I was diagnosed with Medically Induced Lupus but I don’t take any meds

UGH! Mayo wont take me without a "real PCP" AND an diagnosis. That baffled me. The reason I wanted to go to Mayo is because I cant seem to find a doctor familiar enough with what's going on with me to commit and verify a diagnosis and treatment plan. My Allergist is awesome and would give me the Rheumatologist referral but something on paper has to support the referral. I asked the him to run a Myositis panel including the specific anti-bodies for IMNM but he ran a basic panel which did not include the specific HMGCR antibody test so my panel was negative. I think the HMGCR is a send out. I also asked him to run a CK as that measures muscle damage and supports Rhabdomyolysis but the tech ordered a CK-MB which is specific to cardiac muscle damage and would not be elevated in Rhabdo. The CK peaks in about 24 hours and starts to decrease after that. By the time I figured out they ran the wrong test my levels were going down again.
So I gave up for now. I'm just taking prednisone to help control it and riding out the 3 month recovery period and hoping there are no more flare ups. Hurry up and wait UGH!
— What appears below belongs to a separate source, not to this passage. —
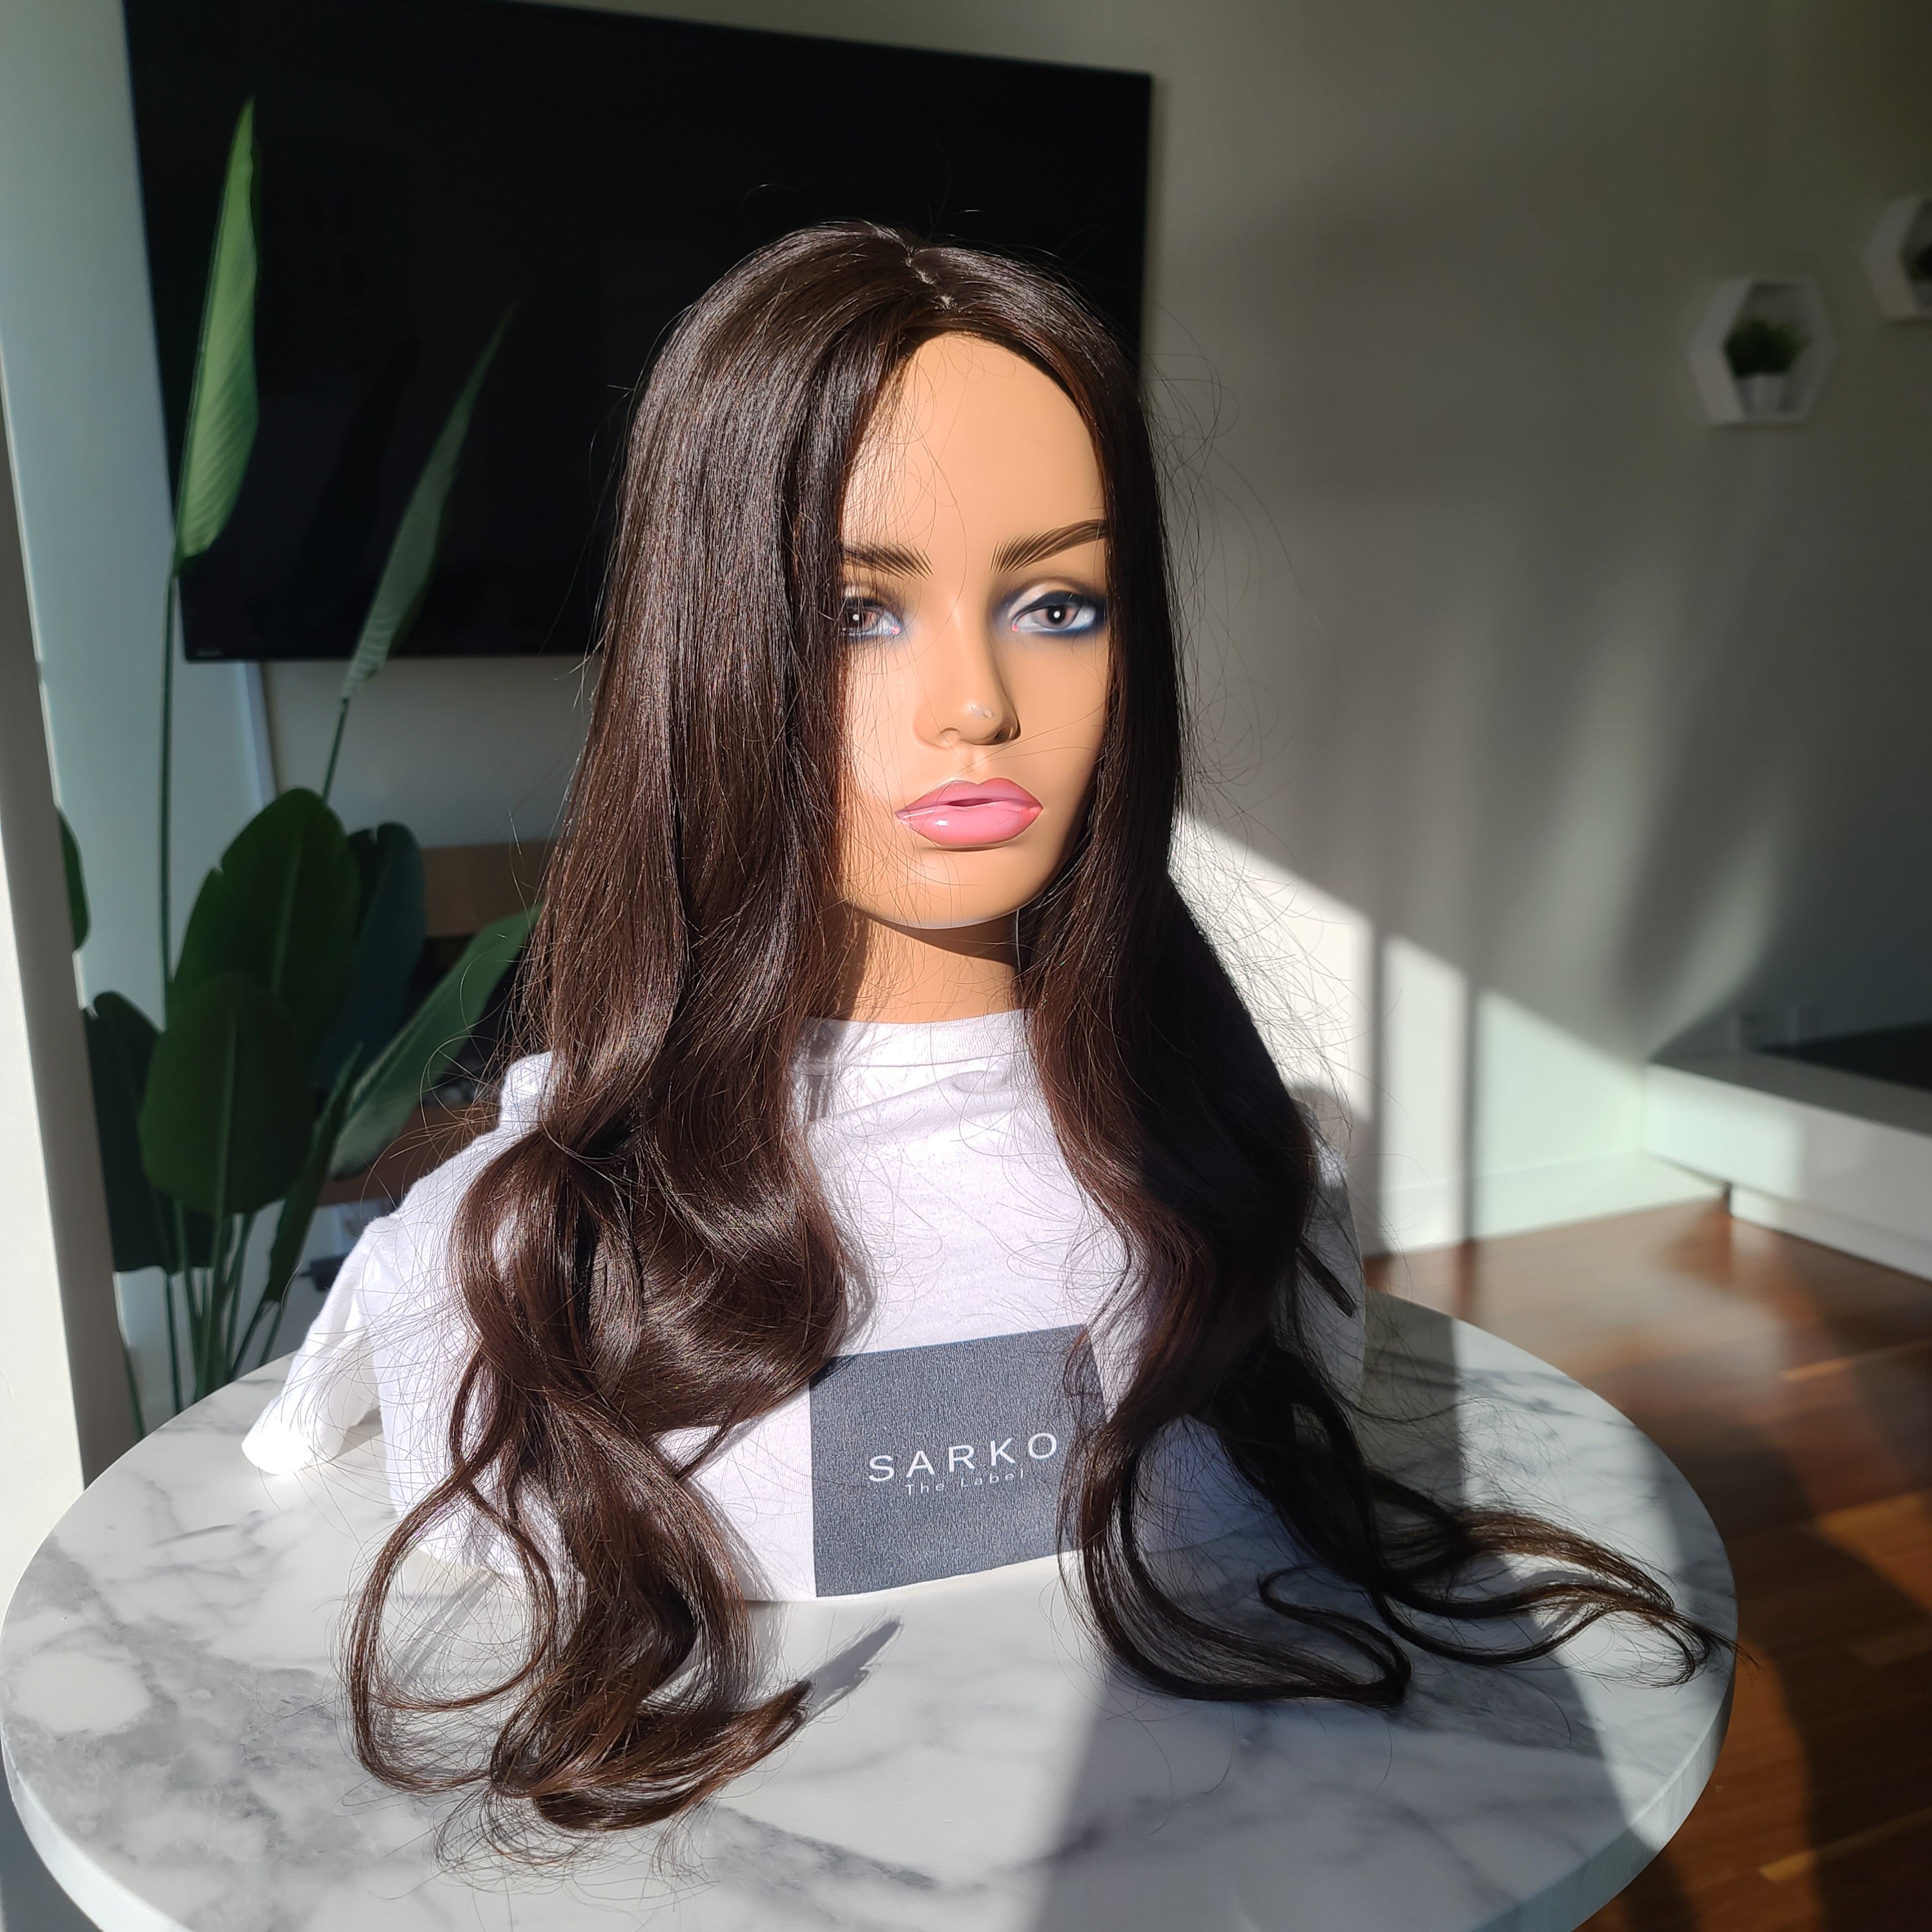  Fine Hair Brush To 23 Inches The Wear Hair And Perfect And  Long Combination Of Make Fuller Your Hair Hair And Luxurious Long Can Is  Easy Mannequin Head Hair Styling

I got Covid in Feb 2020 so I've been dealing with all this for 2 1/2 years. Up until recently "Long Covid" was not a ICD diagnosis. My PCP was a condescending jerk about Long Covid. I had to stop relating anything to Covid with my provider. Focus on diagnosing the condition not the cause. When he sent me to the Allergist I used the same approach. These are my symptoms. I've had multiple other problems post covid. I seem to get a new symptom every 3-4 months. Tachycardia and Cardiac Arrhythmias, horrible GI issues for a while there, I rejected 2 permanent dental implants that had been stable for years, weakness, numbness and tingling in my extremities. I didnt lost my taste or smell, I constantly smelled bon fires then burning oil. There's more. Most resolved themselves but required medications to reduce symptoms. I was taking 15+ pills a day for a while. Now I'm down to 3. So yes separate medical conditions but I doubt I would have had any of them if I did not have covid. I've always been a healthy active person. It's possible the statin reaction may not have been as severe without the covid history.
IDK if its a weakened immune system from Covid but I do know there is a large incidence of auto-immune skin disorders diagnosed in Long Haulers. When I looked back at my past medical history I realized I had hives a lot as a child, pityriasis rosea as a teen, seborrheic dermatitis since I was 18 and a few other odd skin related diagnoses as an adult. Most likely I had an underlying auto-immune skin disorder that triggered mast cell issues post covid. Not true MCAS but Mast Cell related.

Thank you so much for sharing this information. I am having some anxiety around what this could mean for my health long-term. The most concerning, is that little is known, and there are still a large number of professionals that don’t even acknowledge post Covid syndrome. Good luck to you.